After graduating in 1930, Ivison was ordained and began his first ministry at a church in Brockville. Two years later he moved to Ottawa to fill a vacancy at First Baptist Church. On 5 August 1931, he married his wife Marjorie, and they had three children: Donald, Duncan and David. As a consequence of his role at Ottawa First Baptist he was often a liaison between the government and the Baptist Convention after the start of the Second World War. He was asked to join the National Defence Headquarters by Bishop Wells of the Anglican Church of Canada. He enlisted in July 1941 and served at Headquarters for two years. In 1943 he requested to go through basic training and serve overseas. Ivison served most of his time with the Princess Patricia’s Canadian Light Infantry, until just before the end of the war when he became Staff Chaplain at Army Headquarters. Following his service he returned First Baptist in Ottawa and was an active member of the Baptist community in Canada.

For a detailed account of his life, including a wealth of contextual details for this archive, researchers should consult the oral history recorded in 1986 that is housed in Box 2, File 25.

De Pencier, R.H.

  • RC0880
  • Person
  • fl. 1901-1923

R.H. De Pencier served in the Canadian Contingent of the South African Constabulary in the South African War. From Montreal, De Pencier was part of the Volunteer Rifles and received the Queen’s Medal. His regimental number was 1662.

Calvert, Morley

  • RC0885
  • Person
  • 1928-1991

Morley Calvert was a conductor, bandmaster and composer. He was born in Brantford, Ontario. His music education included an LSRM certification in 1946, and A Mus. degree from McGill in 1950 and a B. Mus. degree from McGill in 1956. He founded and was the director of the McGill University Concert Band from 1960-1970 and the director of the Lakeshore Concert Band from 1967-1972. In 1958 at Ayers, QC, he founded the Monteregian Music Camp, which offered summer training for high school students which ended in 1970

Calvert’s professional activities included the position of accompaniment for Maureen Forrester.
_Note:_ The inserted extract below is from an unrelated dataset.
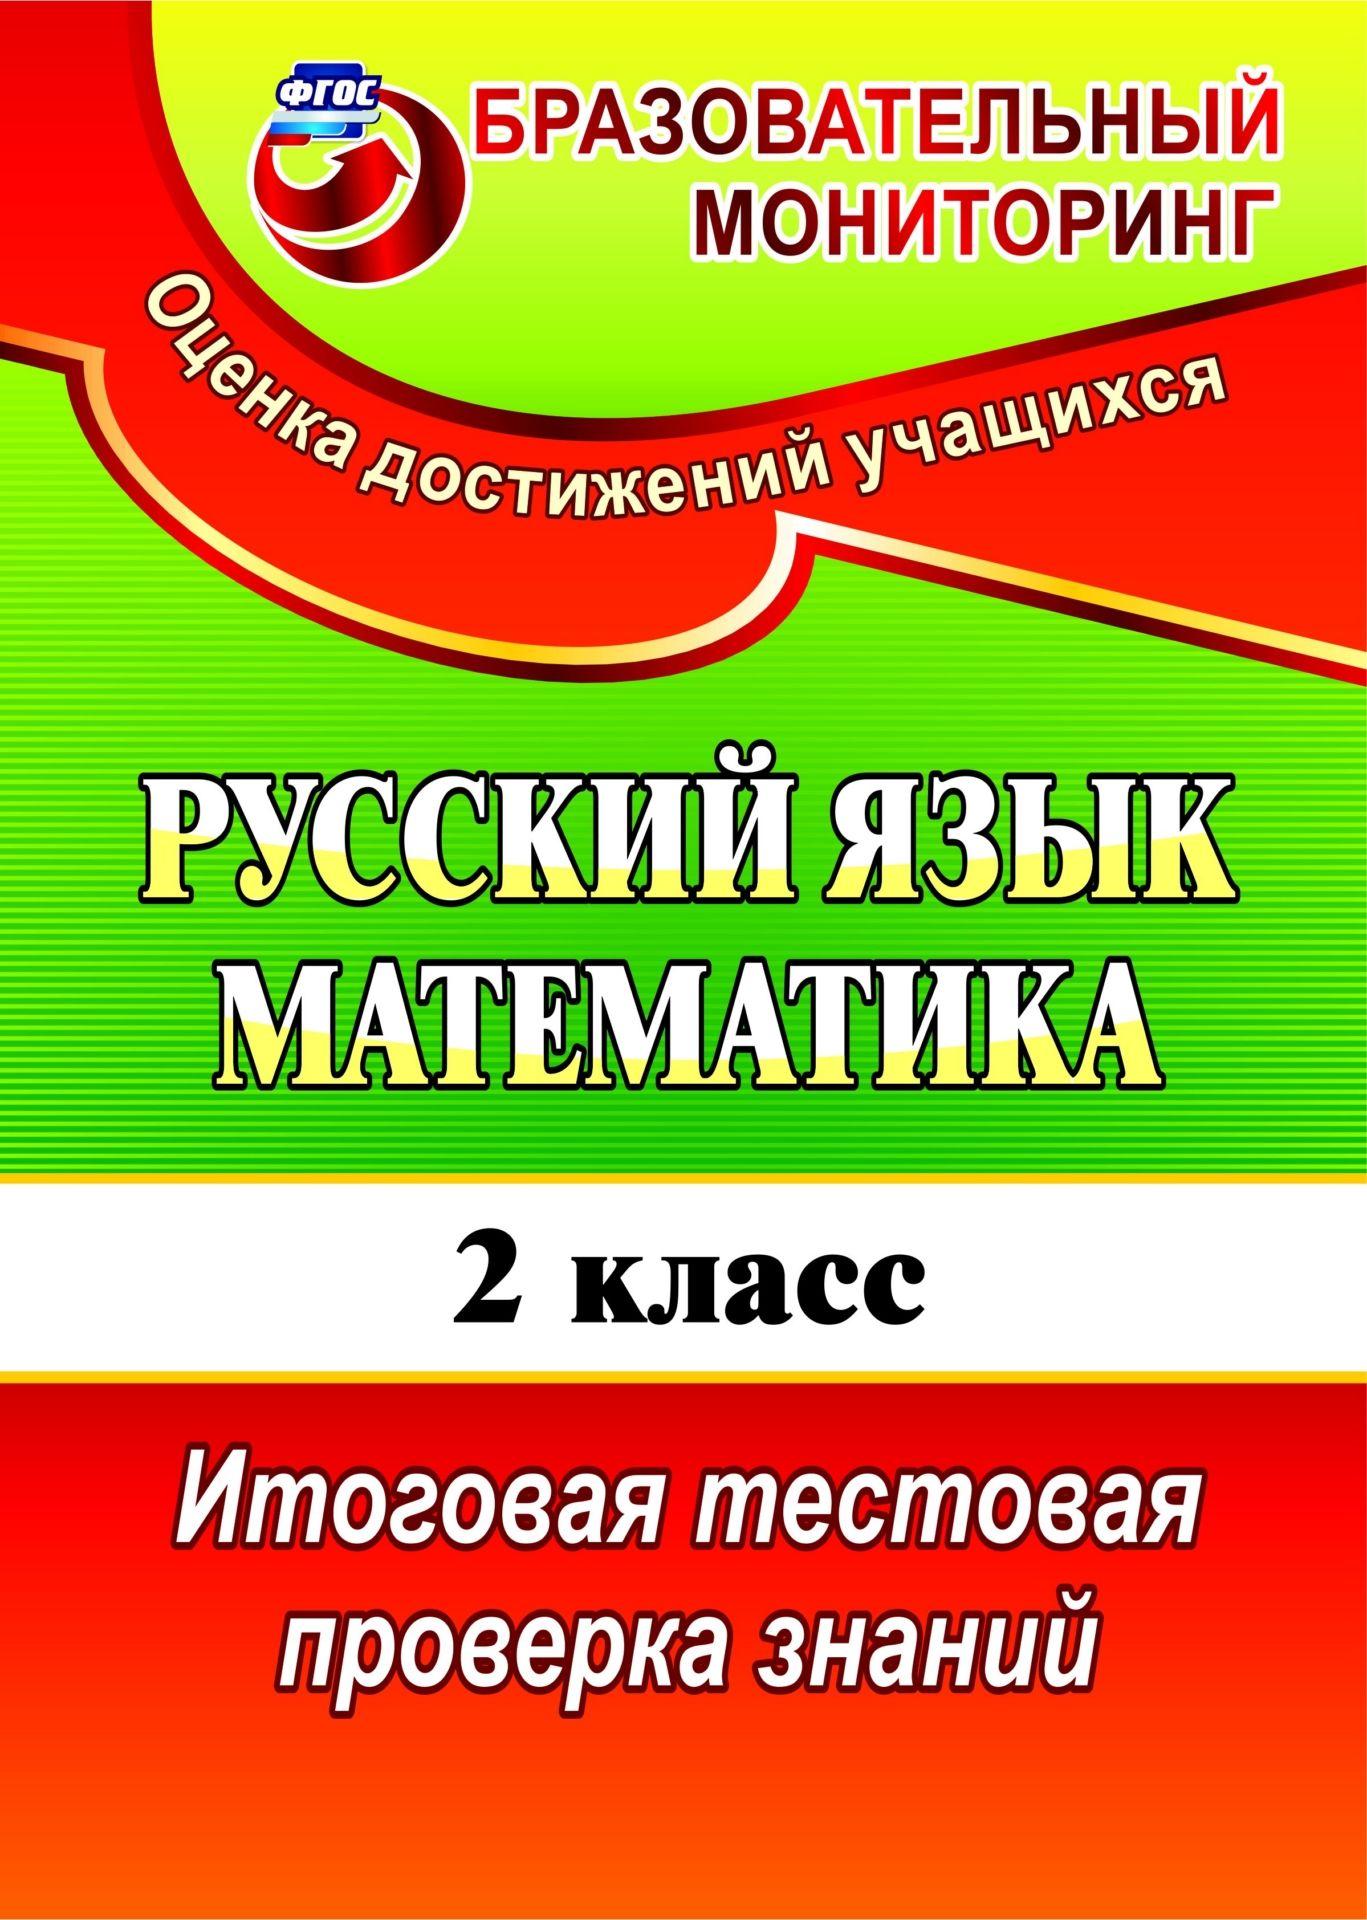 Русский язык. Математика. 2 класс: итоговая тестовая проверка знанийПредметы<br>В пособии предлагаются рабочие листы с тестами и ответами по русскому языку, математике для учащихся 2 класса, составленные в соответствии с требованиями федерального государственного образовательного стандарта, которые позволят учителю качественно подгот...<br><br>Авторы: Типаева Т. В., Волкова Е. В.<br>Год: 2016<br>Серия: Образовательный мониторинг. Оценка достижений учащихся<br>ISBN: 978-5-7057-2888-6, 978-5-7057-4432-9, 978-5-91651-061-4<br>Высота: 285<br>Ширина: 197<br>Толщина: 2<br>Переплёт: мягкая, скрепка

He was invited to join the American Bandmasters Association (ABA), and was the conductor of the Barrie Central Collegiate Band from 1972-1985. He was President of the Ontario Chapter of the Canadian Bandmasters Association from 1981-1983 and national executive vice-president from 1981-3. He was the artistic director of the Civic Concert Choir of Hamilton in 1987 and of the Weston Silver Band in 1988. At the time of his death, he was teaching music at Mohawk College in Hamilton, Ontario. Calvert’s compositions, recordings and performances include Suite from the Monteregian Hills published in 1961; Romantic Variations (1976, 1979) was commissioned and privately recorded by the Youth Band of Ontario and the Arizona State University Band; Introduction, Elegy and Caprice (1978) was commissioned as the test piece for the first European Brass Band Championships at Royal Albert Hall in London in 1978 and recorded by the Black Dyke Mills Band.